The Thinking Process Visible in This Message
The message itself is terse, but the surrounding context reveals the reasoning. The assistant had just spent several messages (1825-1832) carefully instrumenting the engine code. The compilation success in message 1832 was the green light. The thinking at this point was:
"The instrumentation is in place and compiles. Now I need to run the benchmark and analyze the output. Rather than staring at raw log lines, I should build a visualization tool that will make the temporal relationships obvious. A Python script is the fastest way to do this — I can write it in minutes, run it immediately after the benchmark, and get an ASCII waterfall chart that shows exactly where the GPU is waiting."
This reflects a diagnostic-first mindset: before proposing solutions, measure precisely. The assistant resisted the temptation to jump to implementing parallel synthesis (which was the obvious fix) without first confirming the hypothesis with data. This discipline is characteristic of effective optimization work — it prevents wasted effort on the wrong problem.
The Broader Significance
Message [msg 1833] is a microcosm of the optimization methodology used throughout this session: hypothesize, instrument, measure, analyze, then optimize. The waterfall script was the measurement and analysis tool that confirmed the GPU idle gap hypothesis, which then led to the parallel synthesis implementation using tokio::sync::Semaphore (in subsequent messages).

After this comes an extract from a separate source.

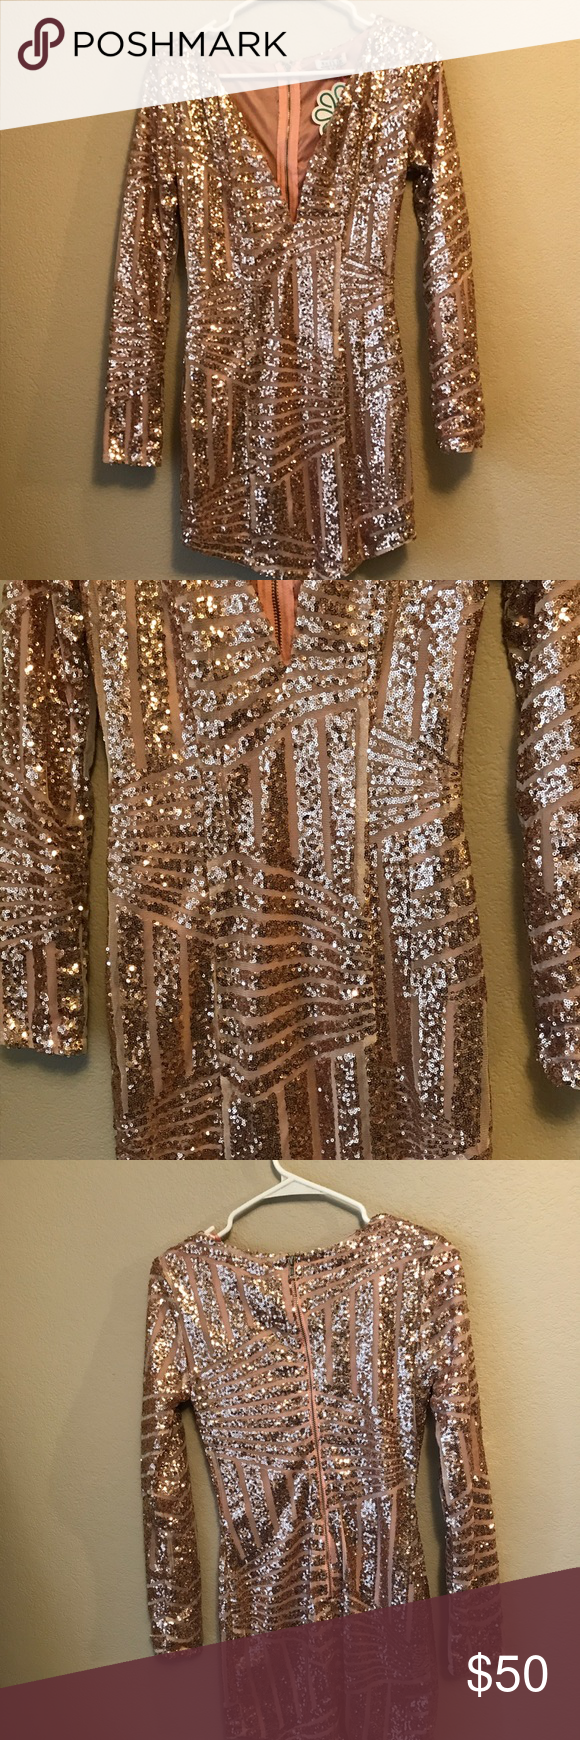 Nellis rose gold sequin dress boutique rose gold sequin dress

The parallel synthesis fix successfully saturated GPU utilization to 99.3%, but it revealed a second-order effect: CPU resource contention. Running two syntheses simultaneously competed with the GPU prover's CPU-bound b_g2_msm step, limiting the throughput gain to only 5-7%. This led to the insight that further optimization required reducing absolute CPU time (via specialized MatVec operations or pre-sorted SRS) rather than adding more parallelism.

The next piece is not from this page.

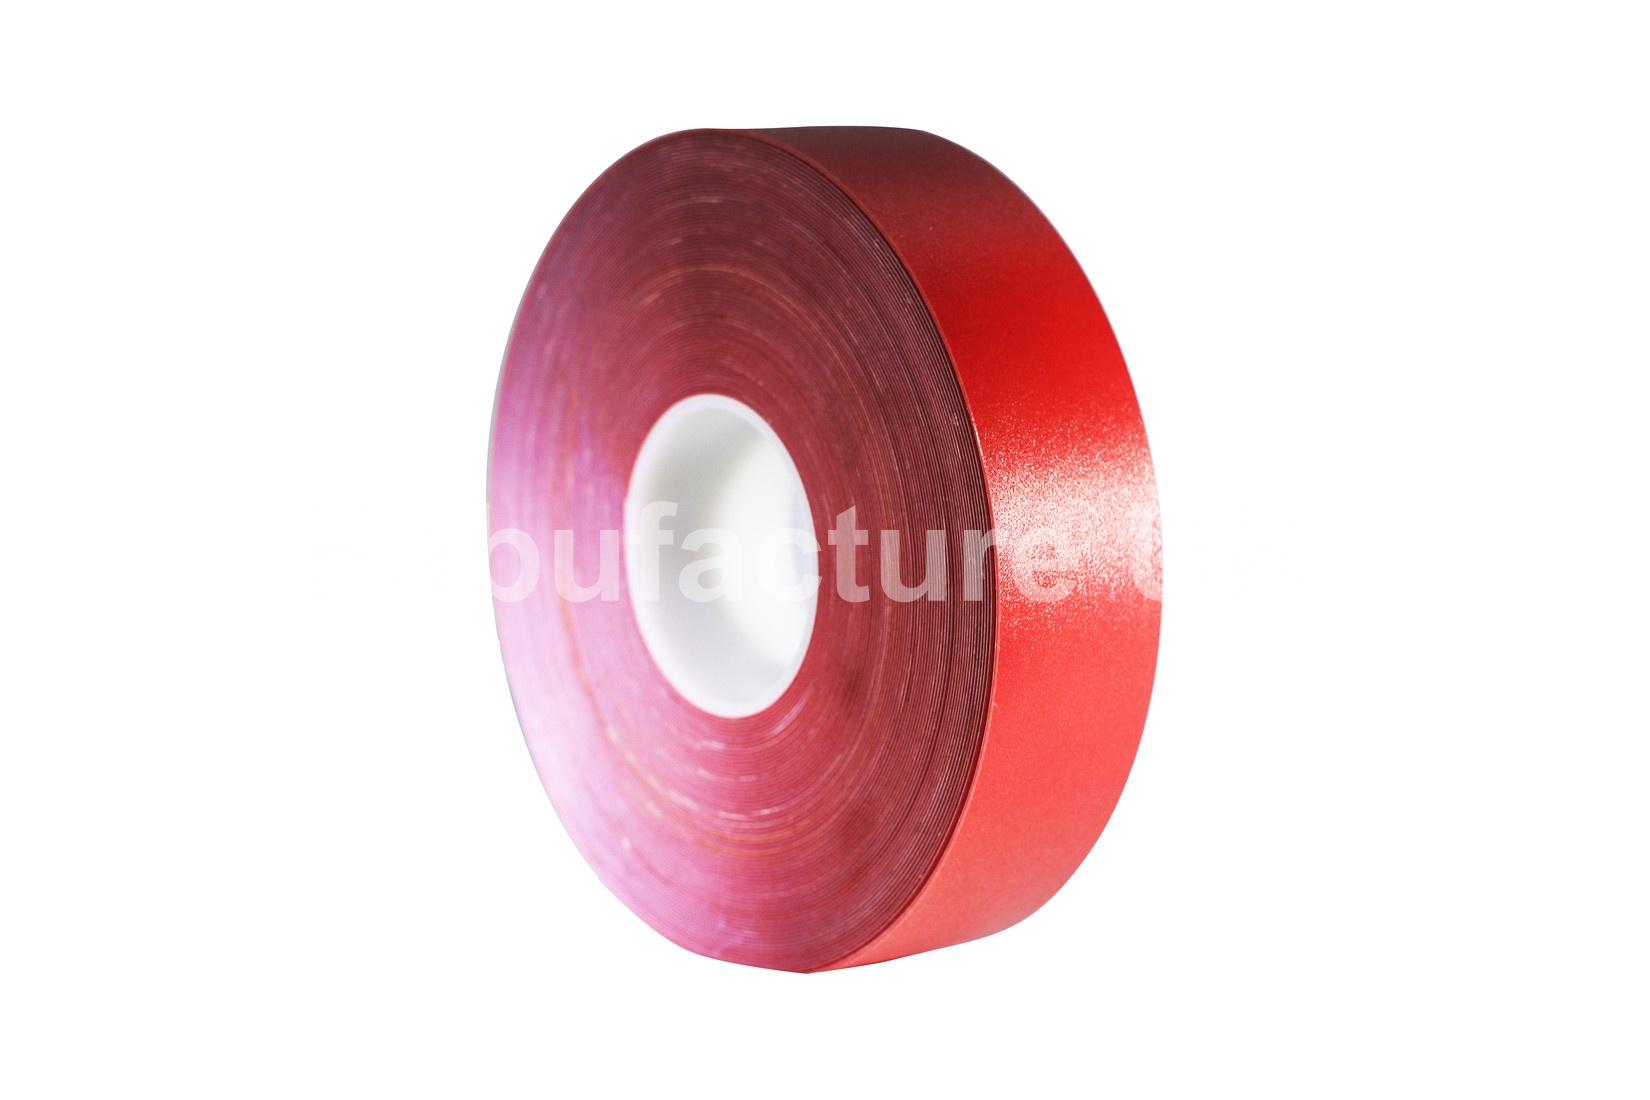 Heavy Duty Aisle Floor Marking Tape Sku 7361 The 5s

The waterfall script thus enabled not just one optimization, but the entire chain of reasoning that followed. It transformed a vague suspicion ("the GPU might be waiting") into a precise measurement ("12-14 seconds idle per proof"), which then guided the next iteration of the optimization cycle. In engineering, the quality of a diagnosis determines the quality of the cure — and message [msg 1833] was where the diagnosis became concrete.